DATA EXTRACTS:

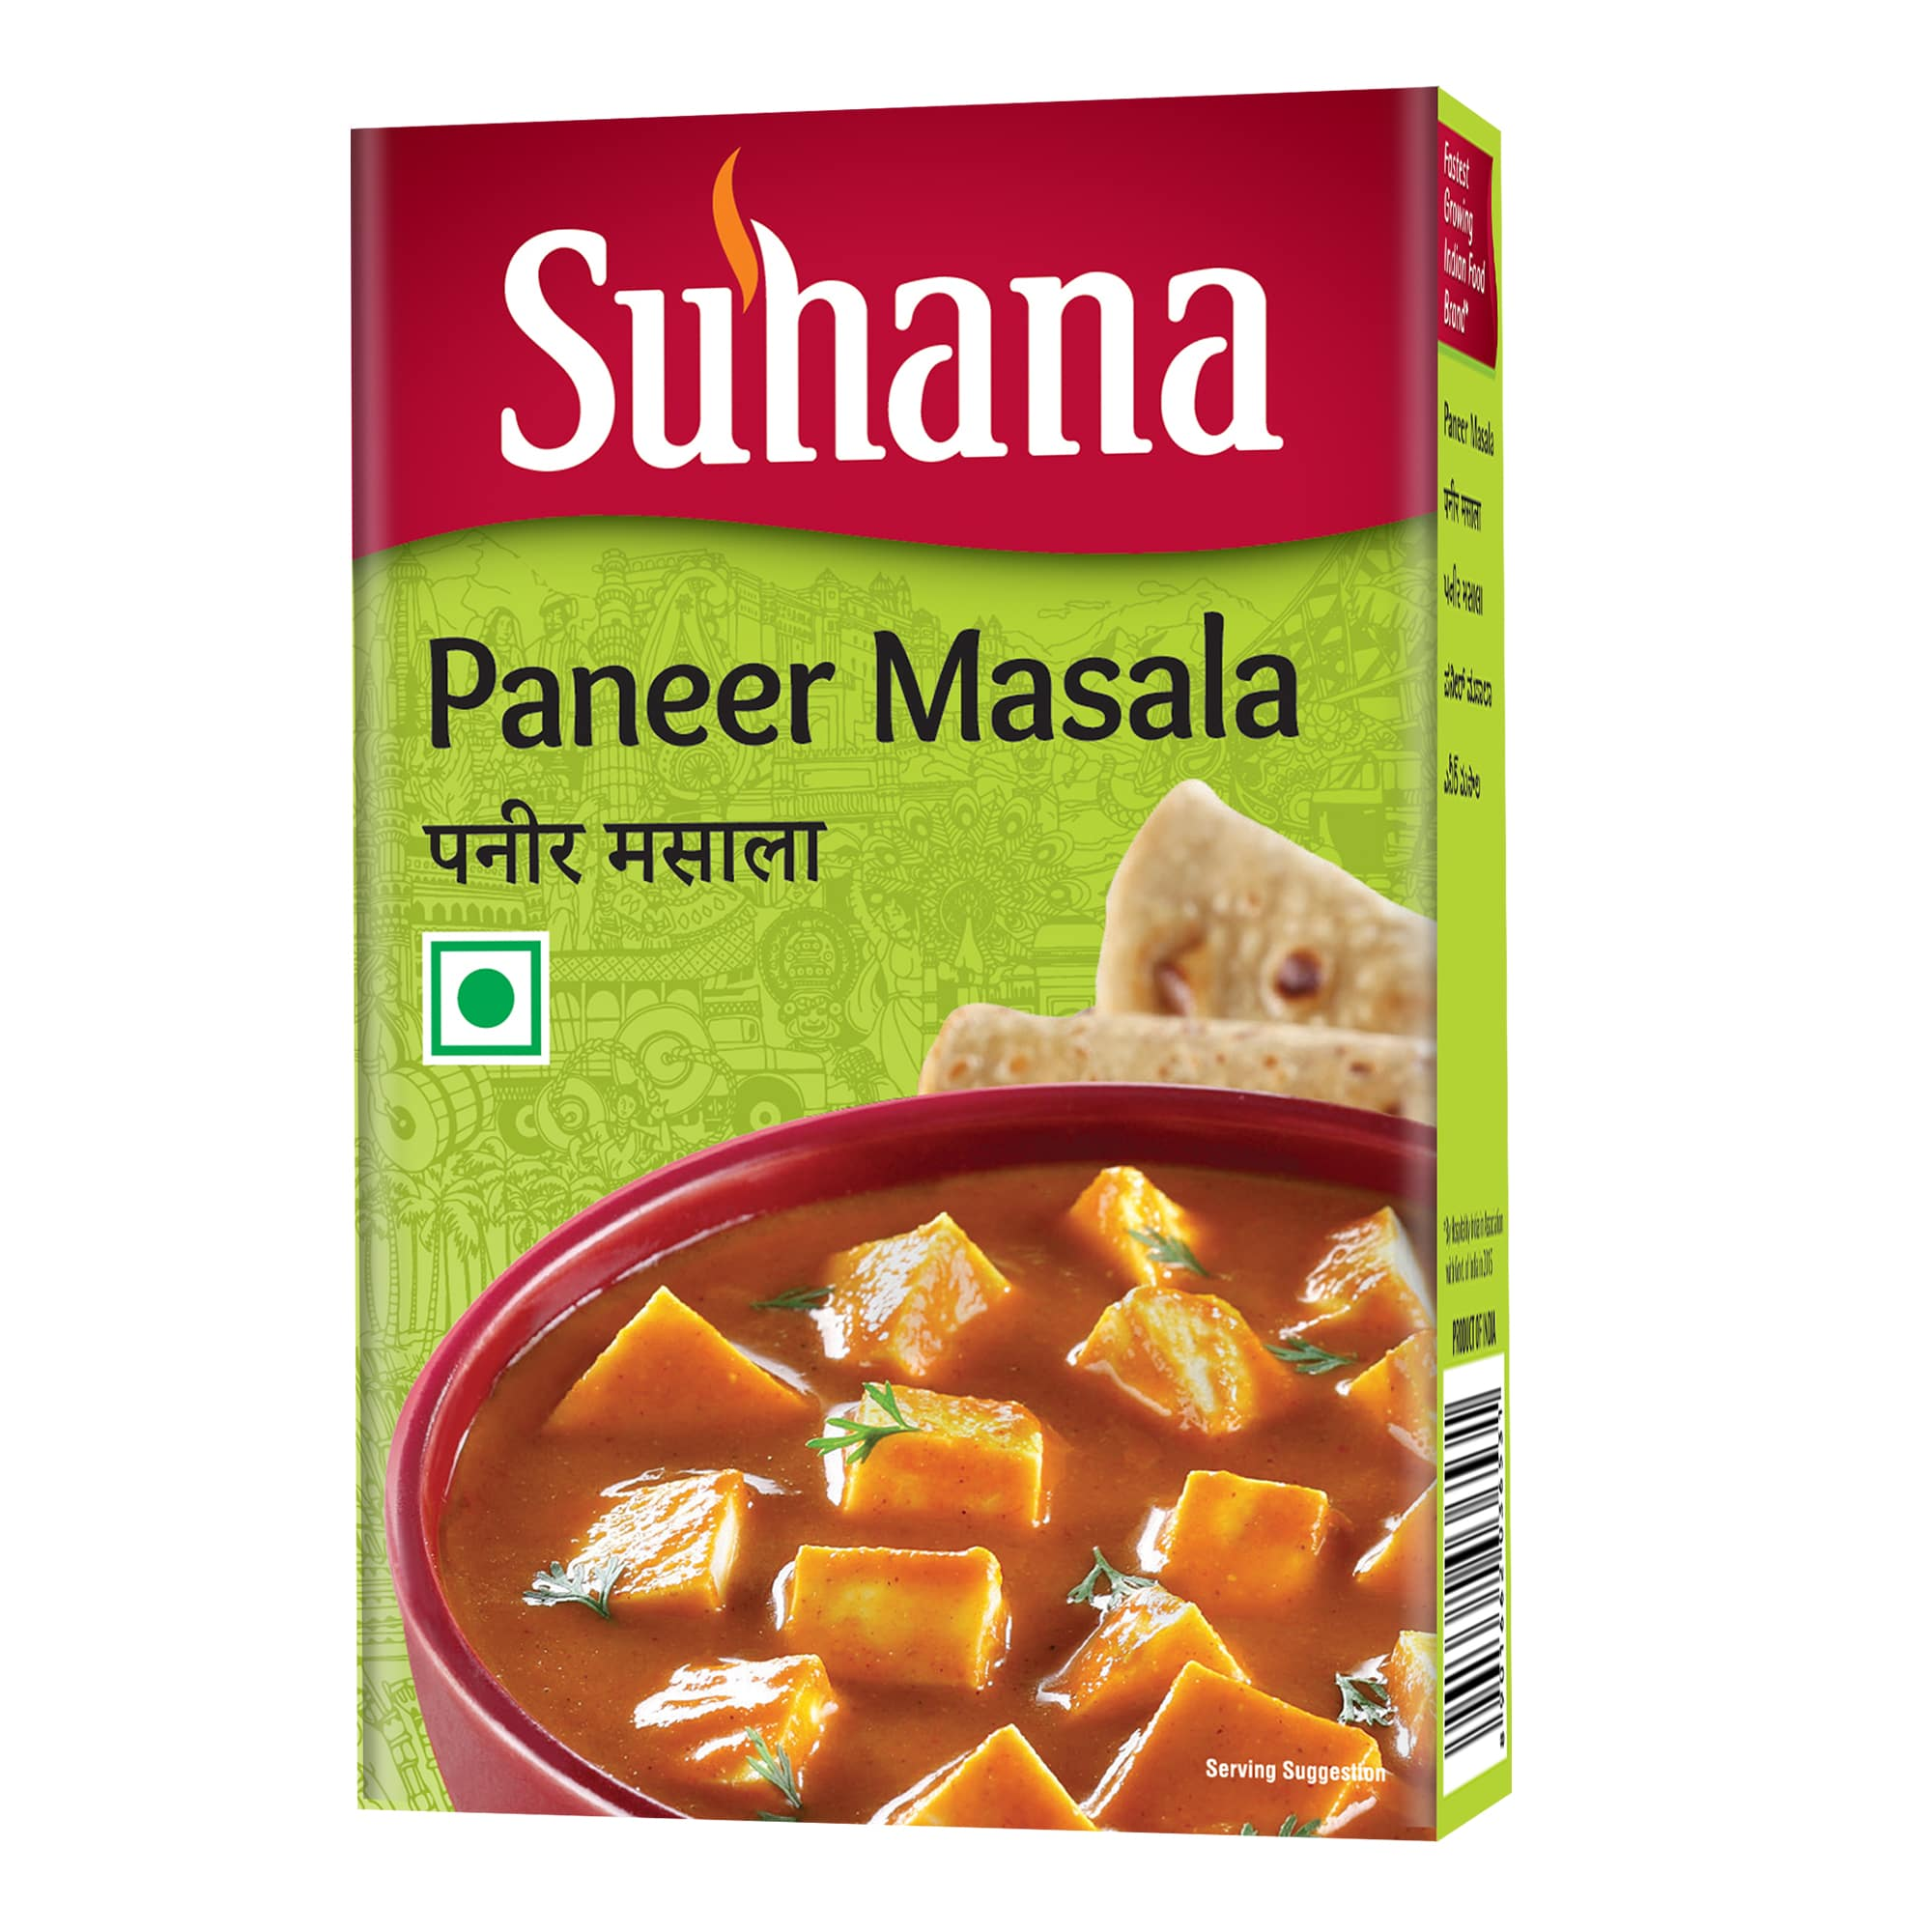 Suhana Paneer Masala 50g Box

==

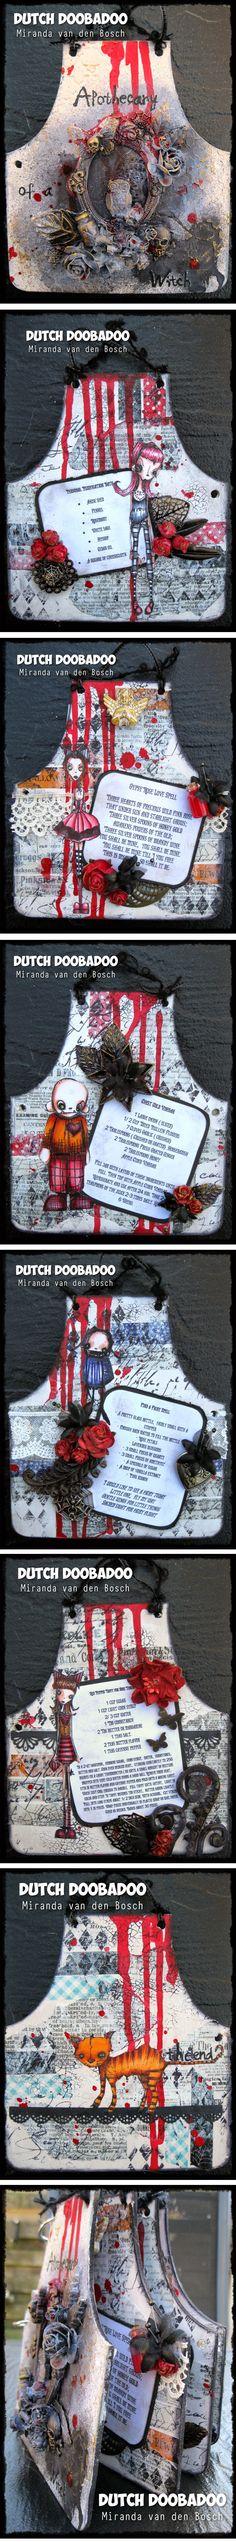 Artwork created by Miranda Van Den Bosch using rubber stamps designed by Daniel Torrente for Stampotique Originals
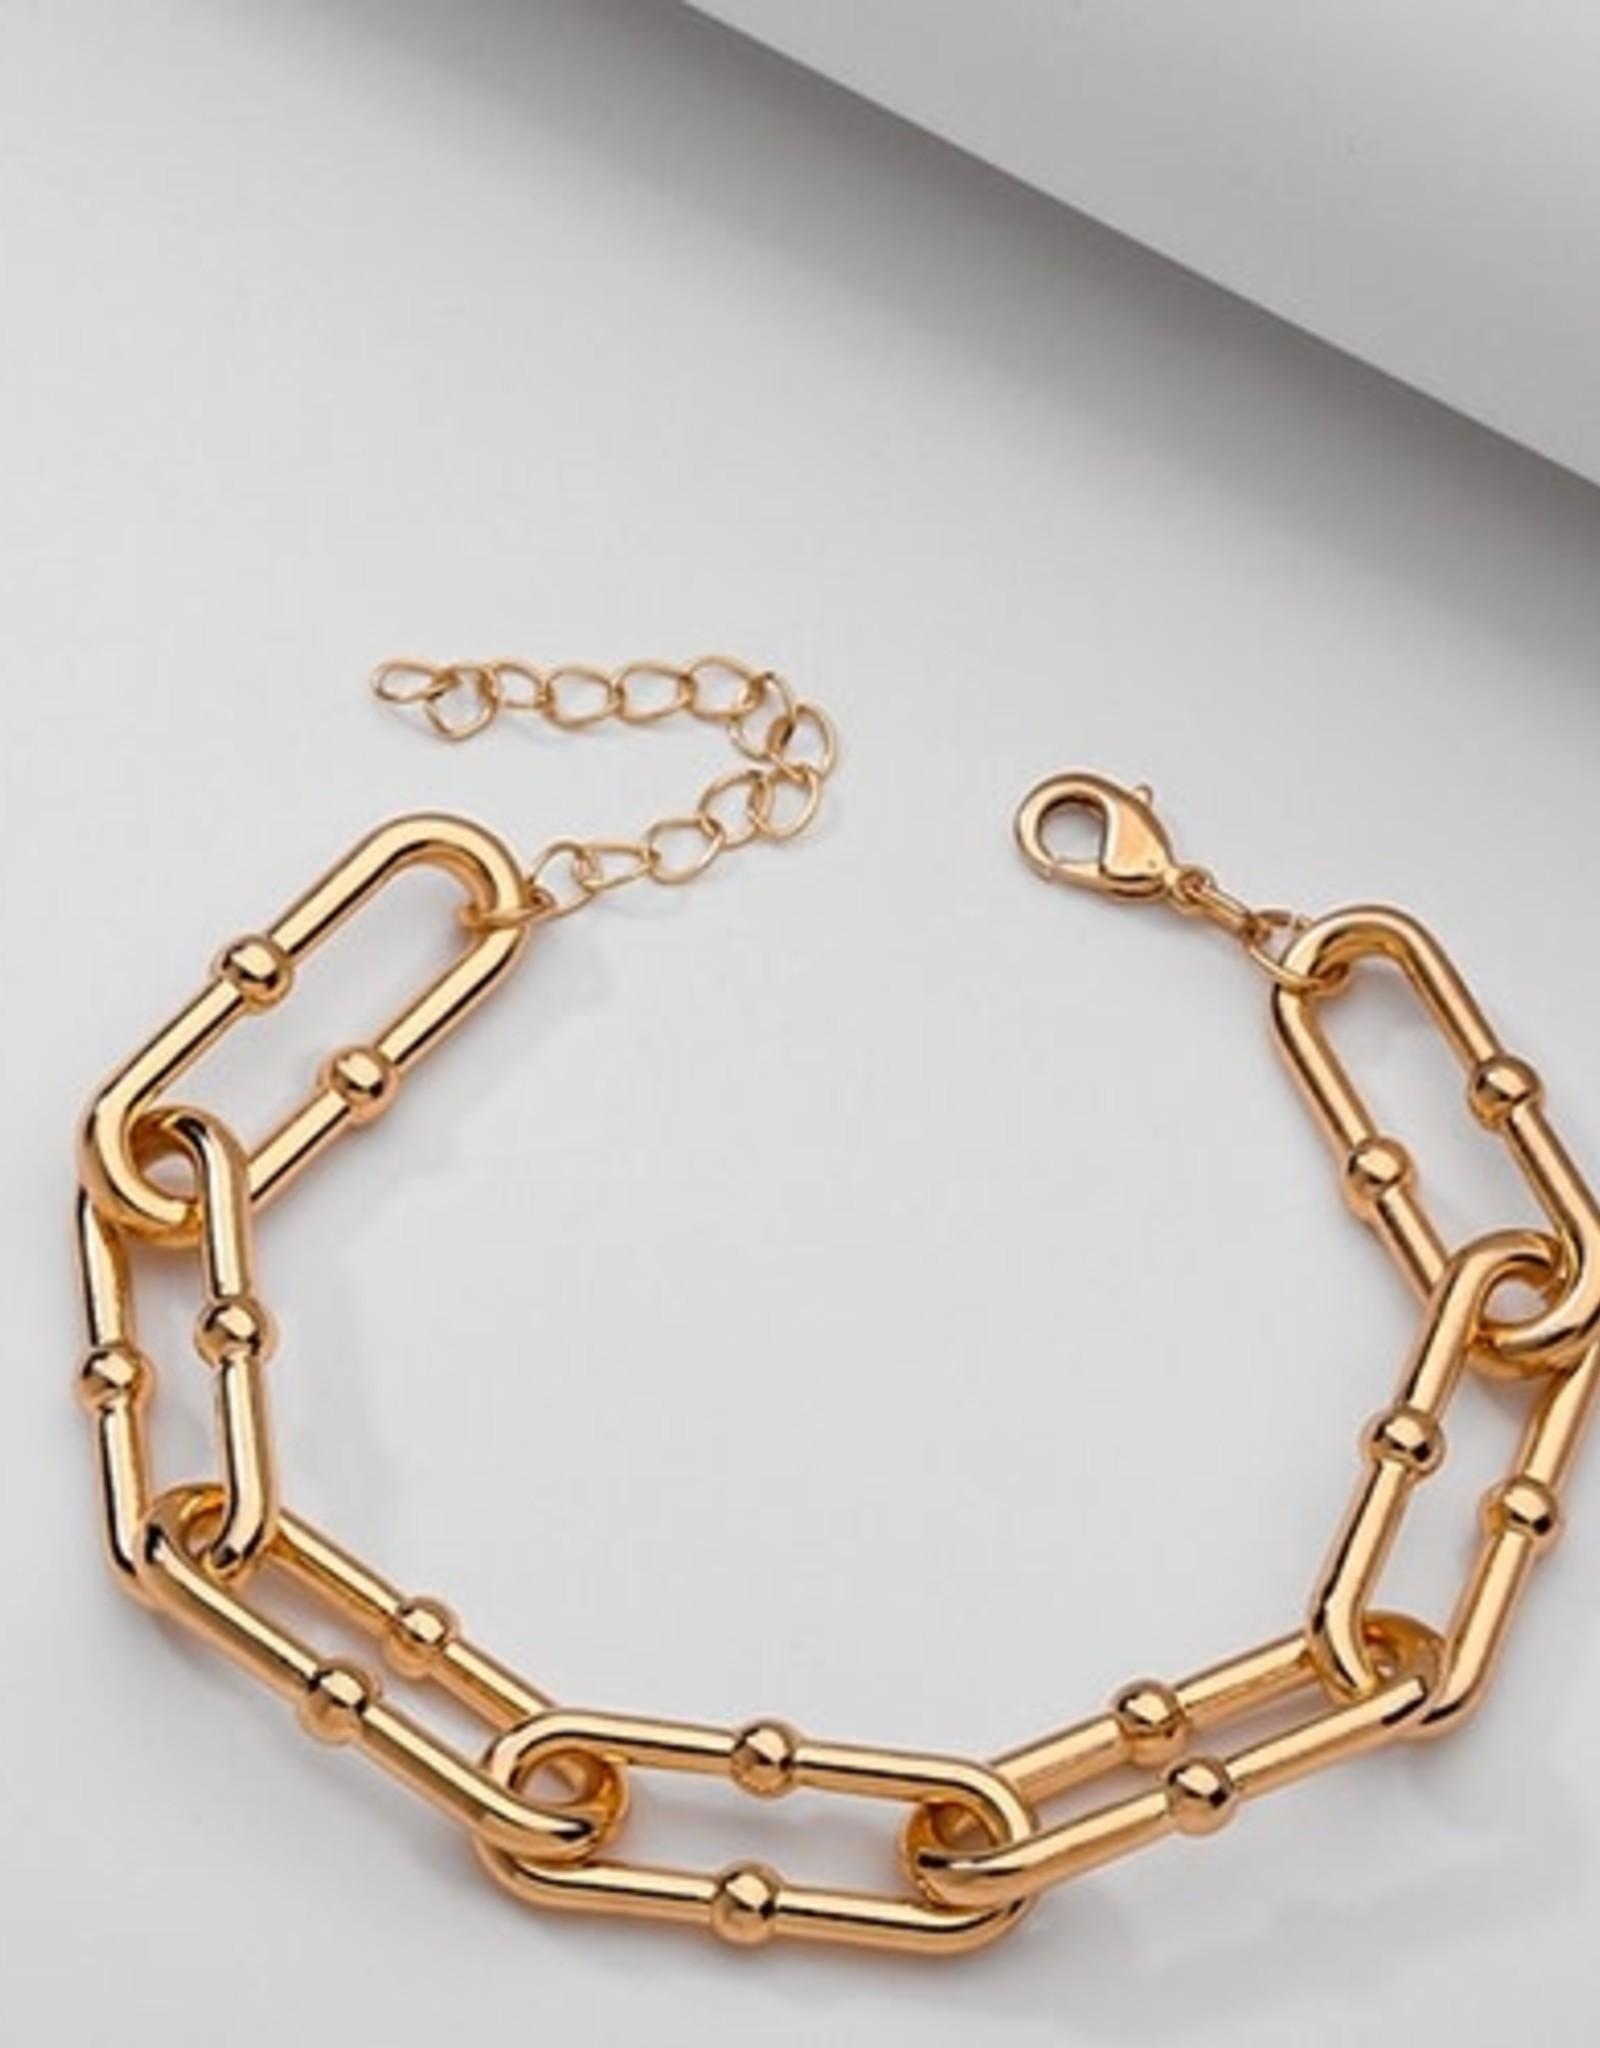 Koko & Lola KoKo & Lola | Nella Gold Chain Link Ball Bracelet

ASSIGNMENT: Leave the pictures out. Output, exactly, the lines of the material above starting at the line containing "Artwork created by" and ending at the line containing "Koko & Lola KoKo".

ANSWER TO THIS PROBLEM:
 Artwork created by Miranda Van Den Bosch using rubber stamps designed by Daniel Torrente for Stampotique Originals
 Koko & Lola KoKo & Lola | Nella Gold Chain Link Ball Bracelet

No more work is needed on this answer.